Snood's men began splitting the spoils of the battle at Gregory's command. 

Buttercup frowned. "My fathers put me through Bards College. When I didn't become mega-famous, the entire kingdom was bankrupted; the only thing left is to marry me off to some rich lord. He risks his life for bad pay just to feed our people... and I ran away!" She wiped a tear that was smudging the splattered blood around her face.

*

"He sounds like a huge jerk!" Main gasped. "No wonder you ran away! But at the very least, all of this means you and me are inevitably going to be a couple, right?"

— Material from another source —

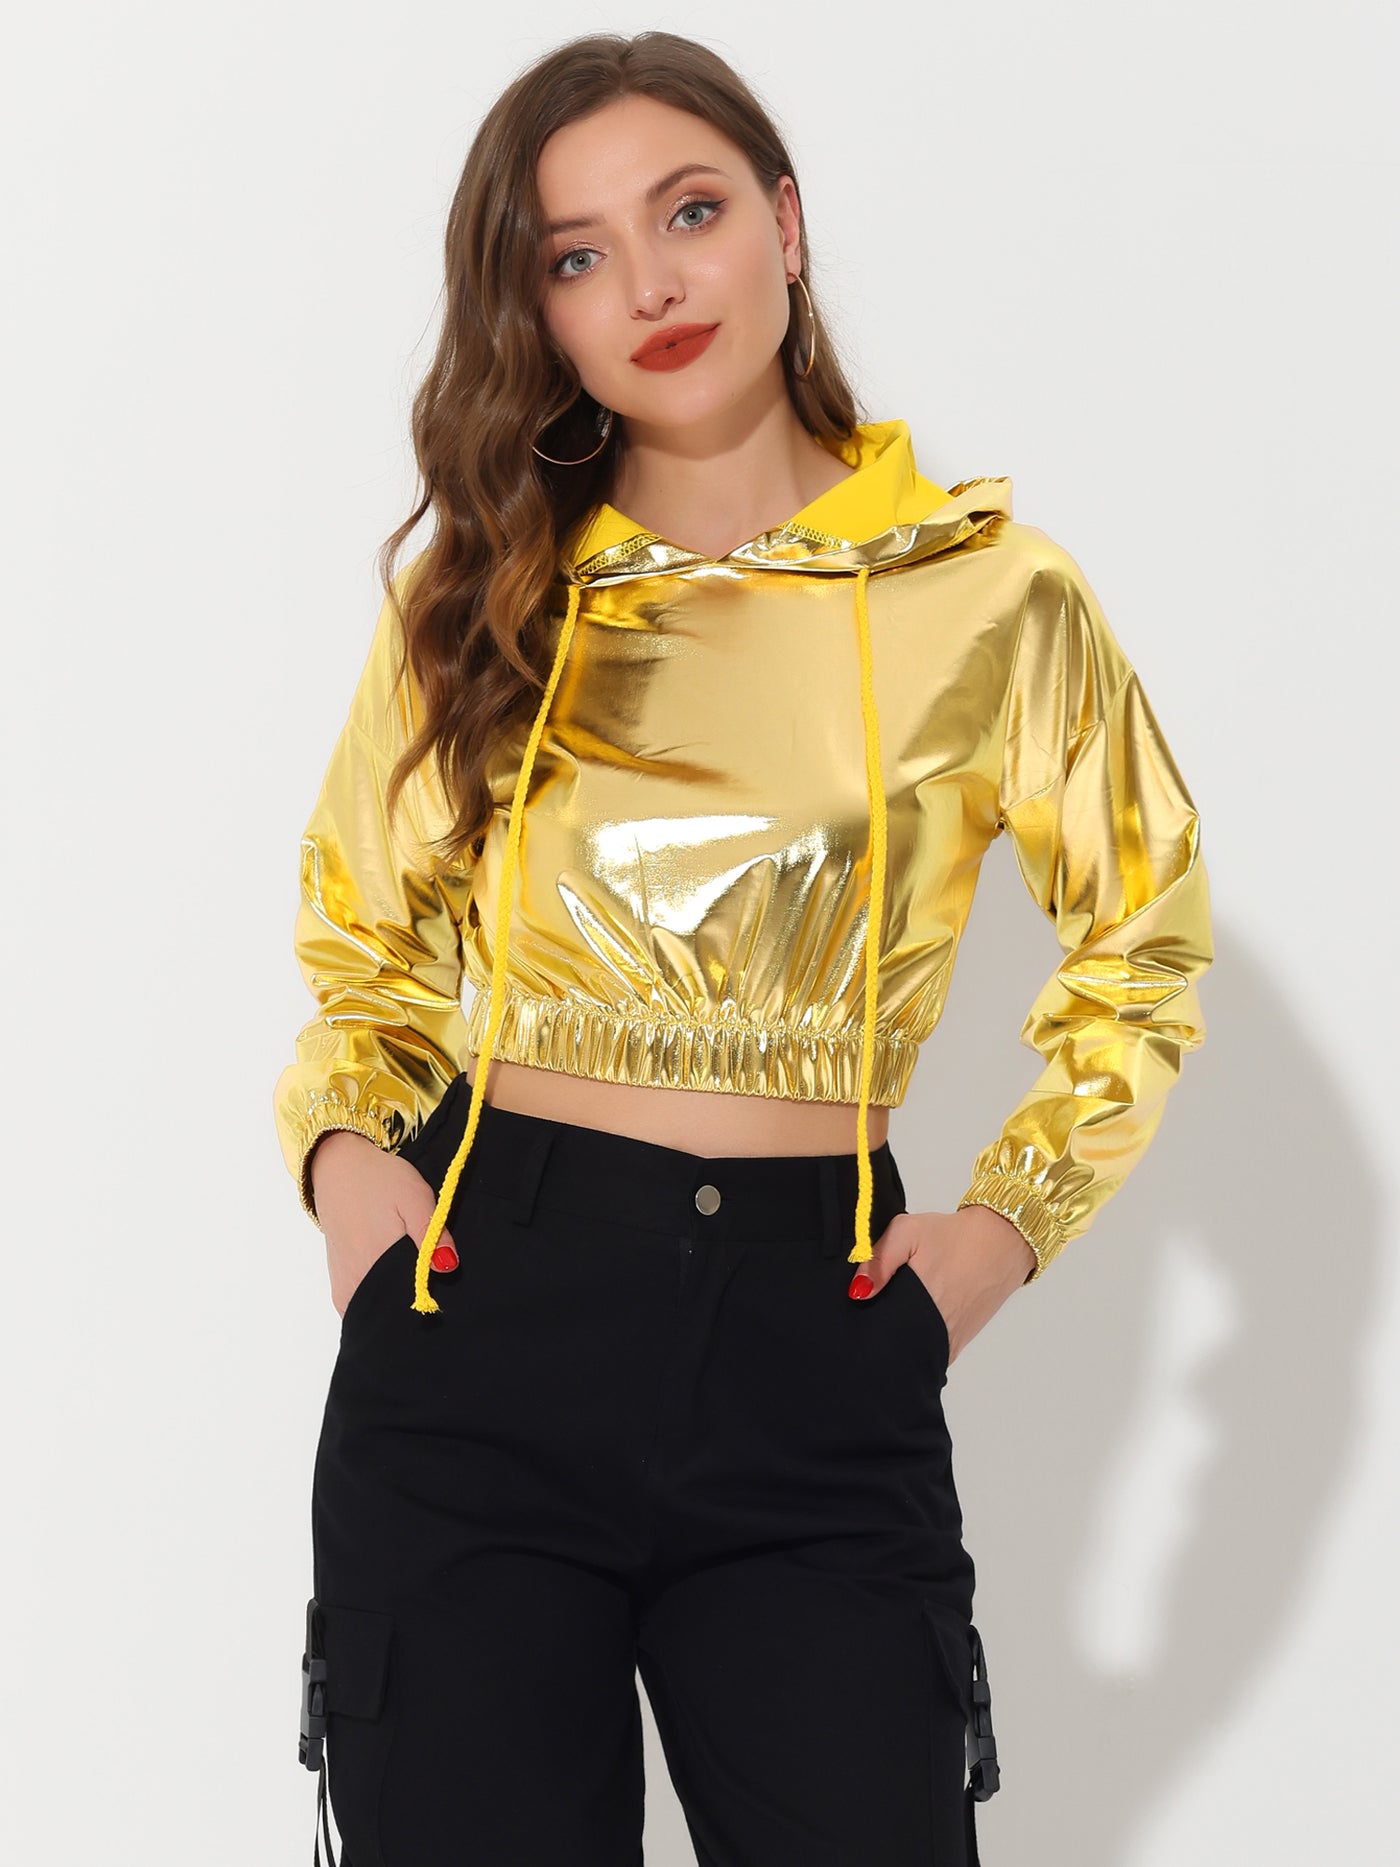 Allegra K Crop Top Hoodies Holographic Shiny Metallic SweatShirt
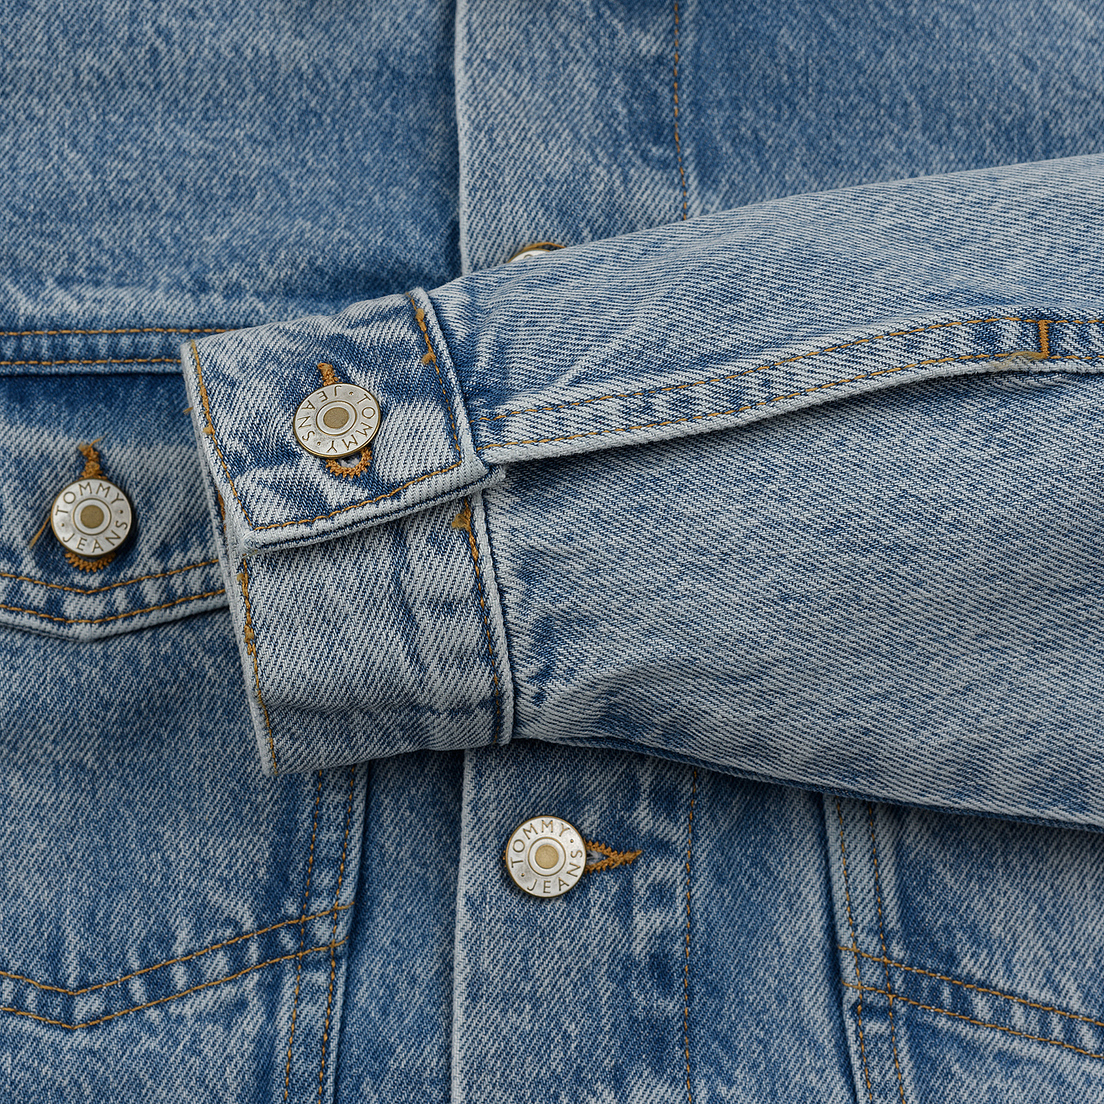 Tommy Jeans Женская джинсовая куртка Heritage Denim

"Ew, what do you think this is? A cliche fantasy story?"

"Well, a parody of one, at least."

Buttercup sighed, her brown hair hanging in tight curls near her chin and blatantly ignoring her character details. "Never mind, Main. Just don't let me anywhere near Snood, alright?"

"As you wish," Main Wesley'd.


*

Robin Snood snapped his fingers, and his men sprinted over, grinning wildly. He produced a ring binder, filled with pieces of parchment. "Alrighty men! Let's see where we're going next!"

They gathered at his feet.

"Hmm.." Robin Snood-ed. "There's so many quests here. There's a hell-beast devouring all of known time and space, curiously frequent red lightning storms, oh, and the Senior Citizen's salsa club need male dancing partners."

"Dancing!" his gang cheered.

"A worthy quest!" Robin decreed.

After some intense staring, they sprinted off into the distance, dragging the sack of heads behind them.